What this task involves —
Only the lines below starting at the one containing "055-knowlton-mansion-wedding-16-2.jpg" and ending at the one containing "Cute Baby Girl" belong in the answer, each copied exactly.

Dataset excerpts —
-- Opening Marker --

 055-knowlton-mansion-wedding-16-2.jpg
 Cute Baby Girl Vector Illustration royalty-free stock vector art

-- Closing Marker --
-- Opening Marker --

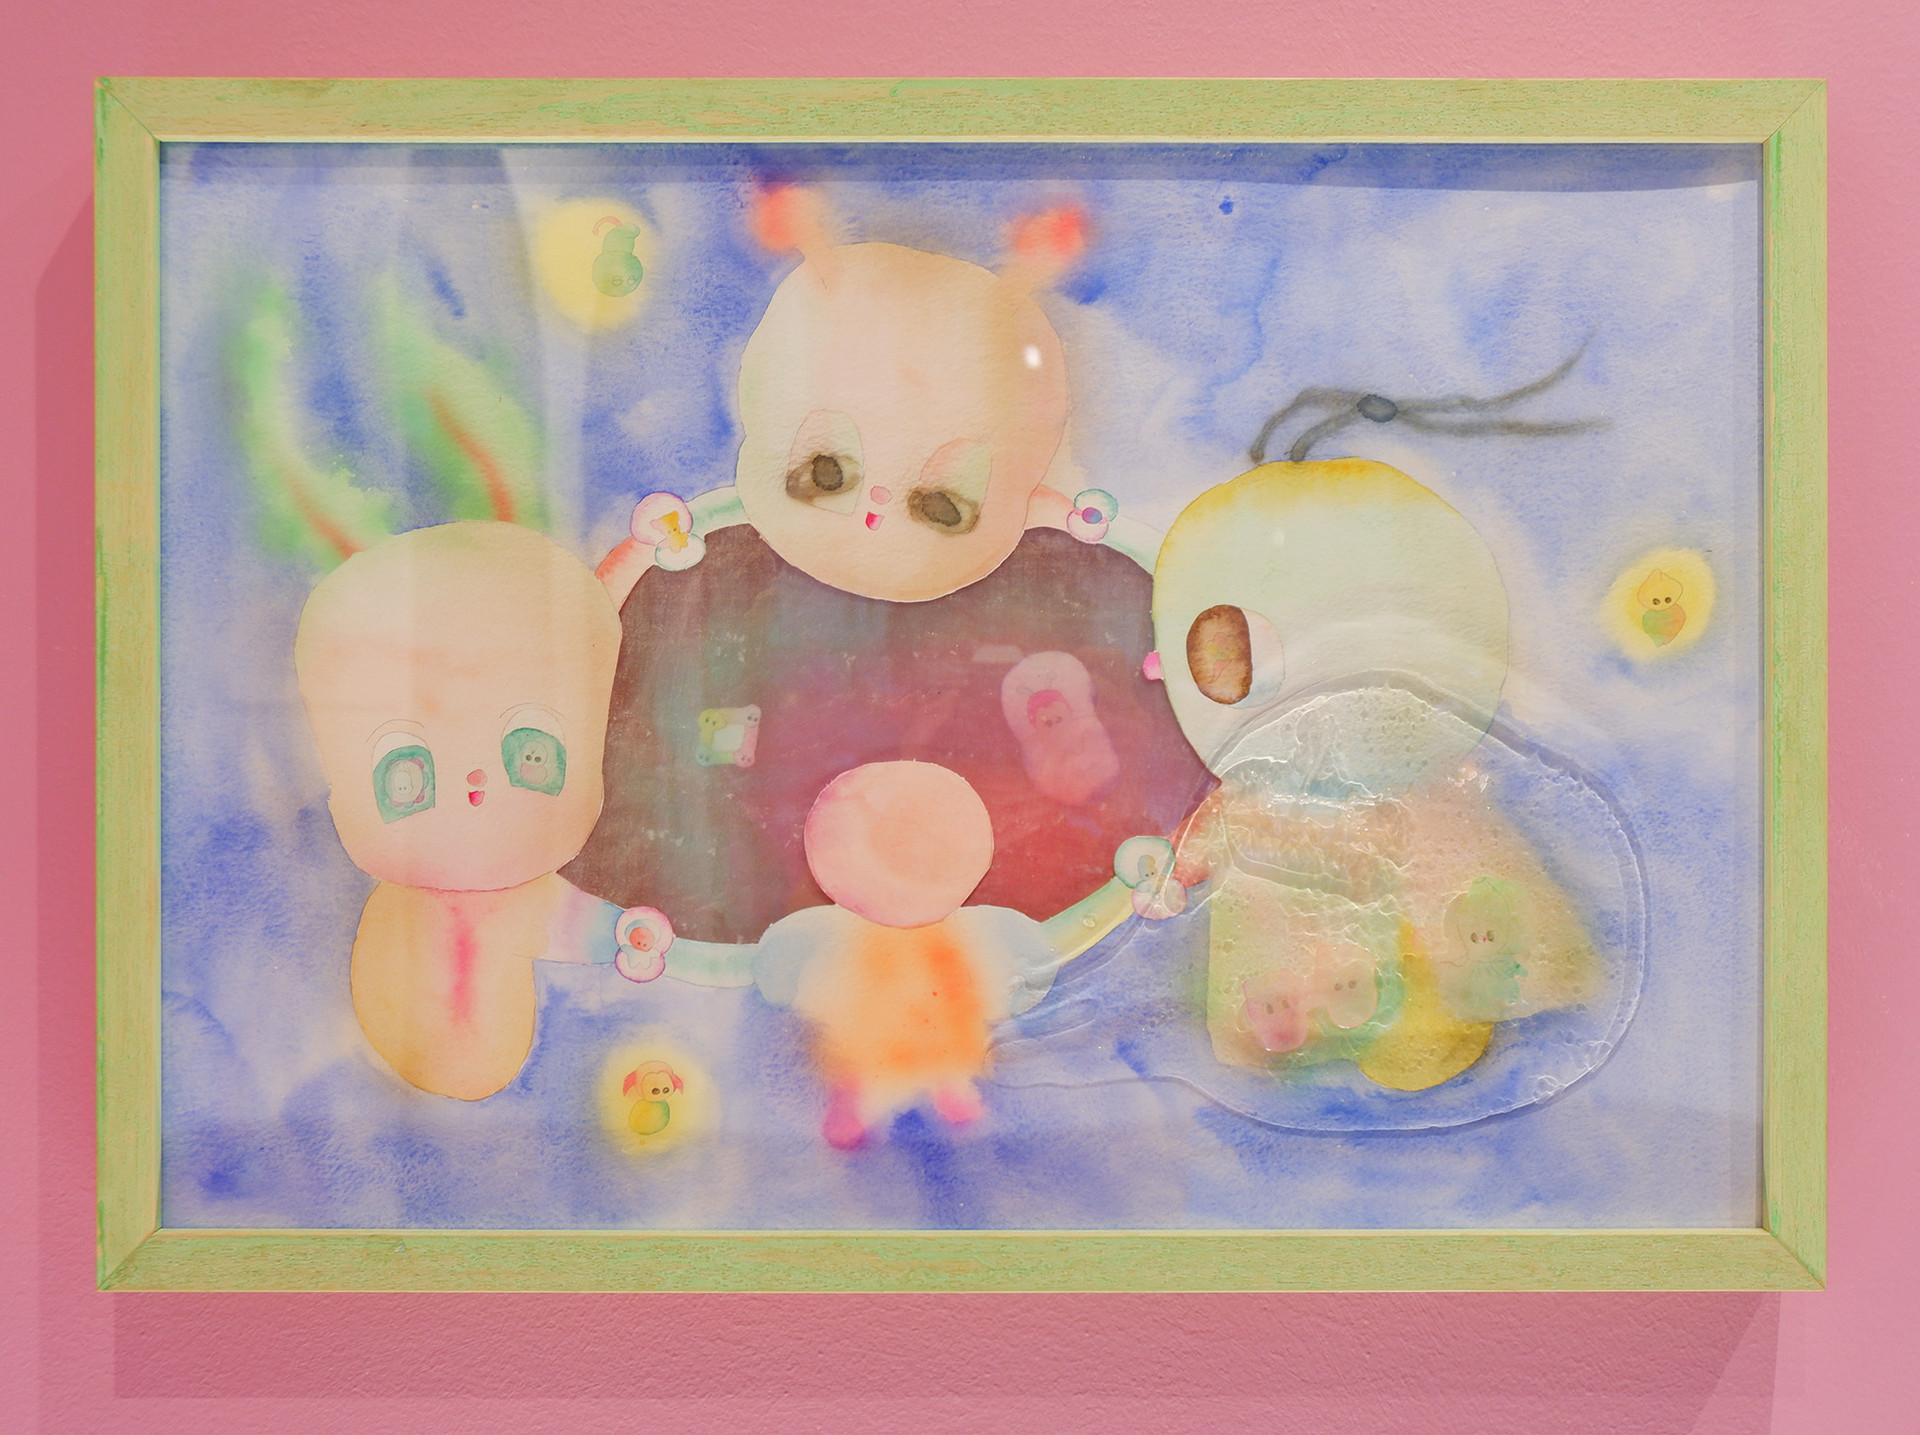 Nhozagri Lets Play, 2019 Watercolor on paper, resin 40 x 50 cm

-- Closing Marker --
-- Opening Marker --

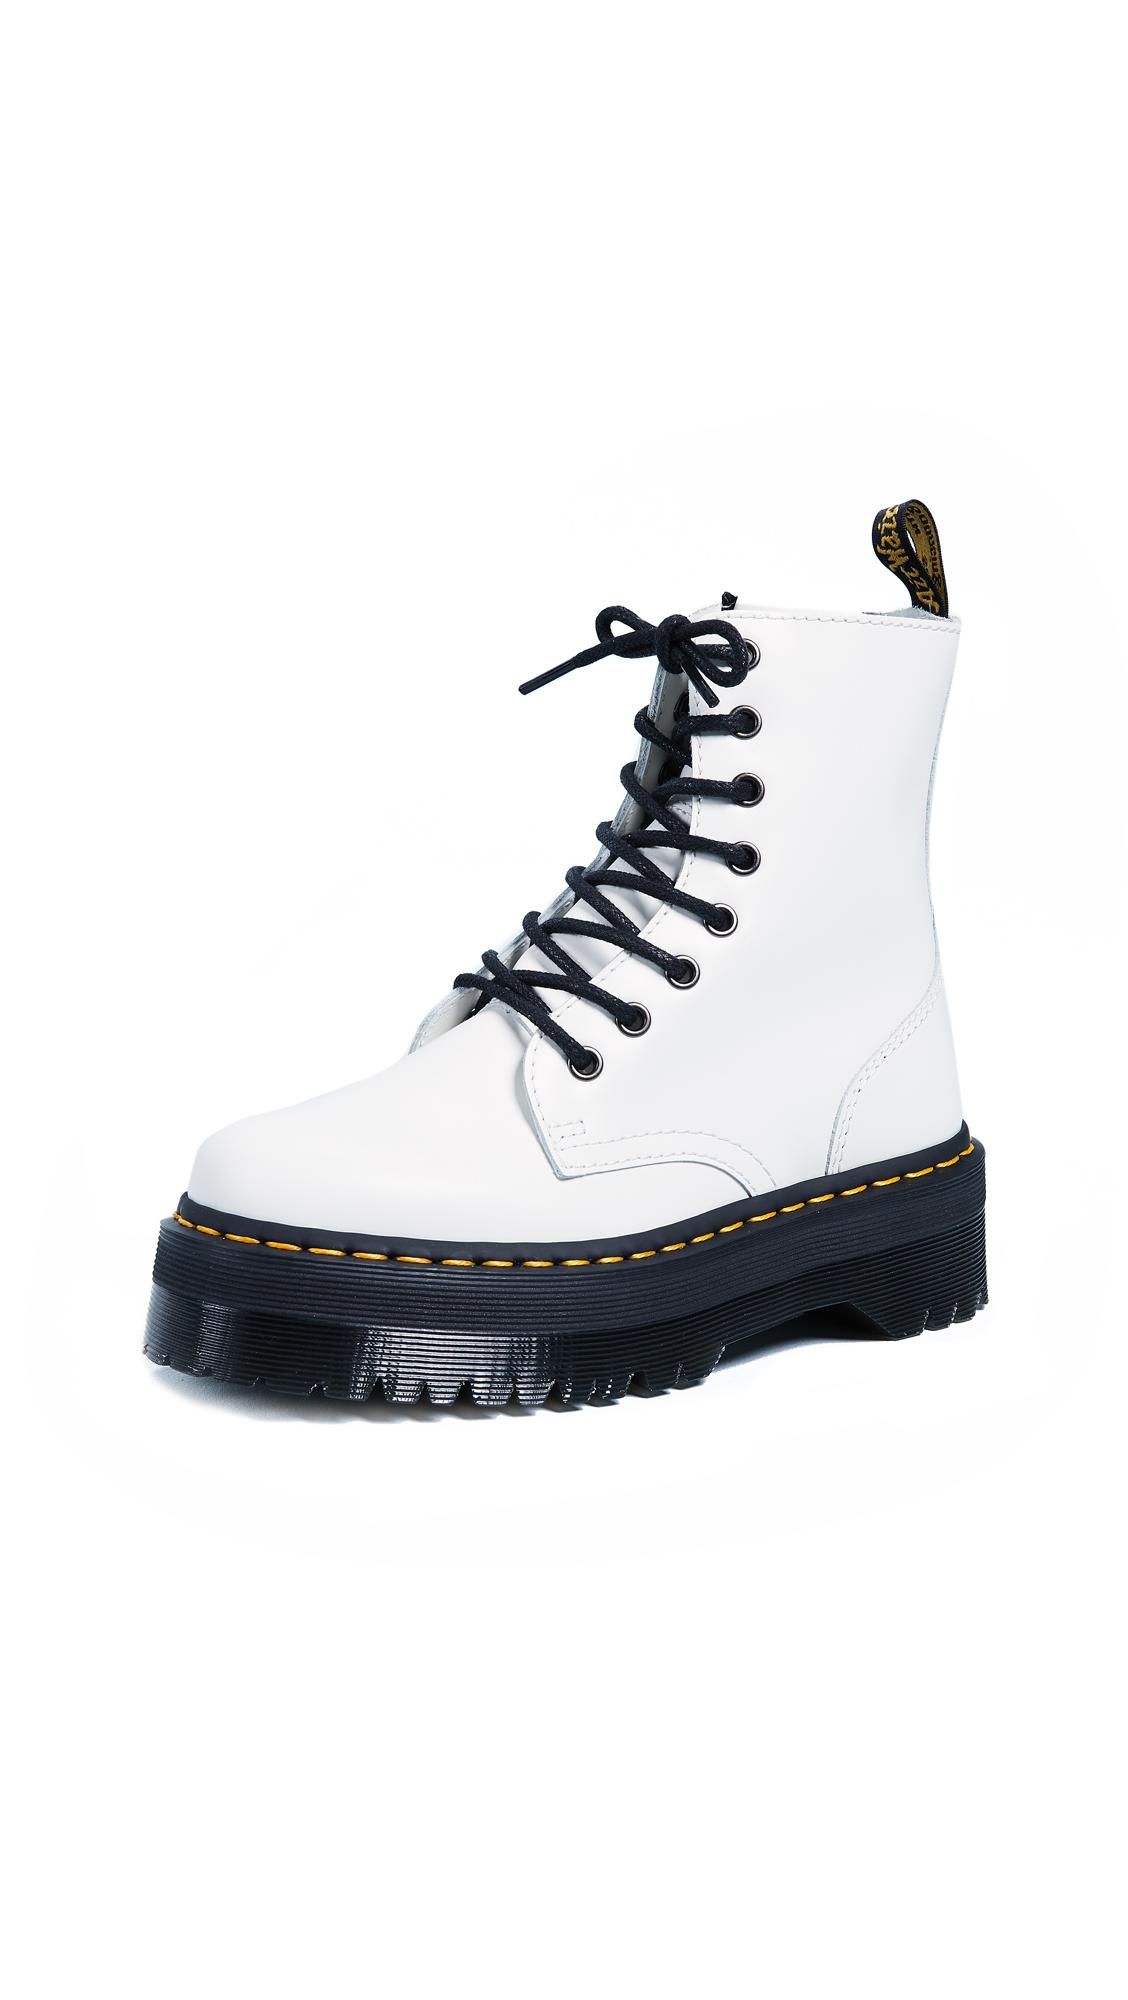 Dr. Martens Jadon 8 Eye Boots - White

-- Closing Marker --

Exercise output —
 055-knowlton-mansion-wedding-16-2.jpg
 Cute Baby Girl Vector Illustration royalty-free stock vector art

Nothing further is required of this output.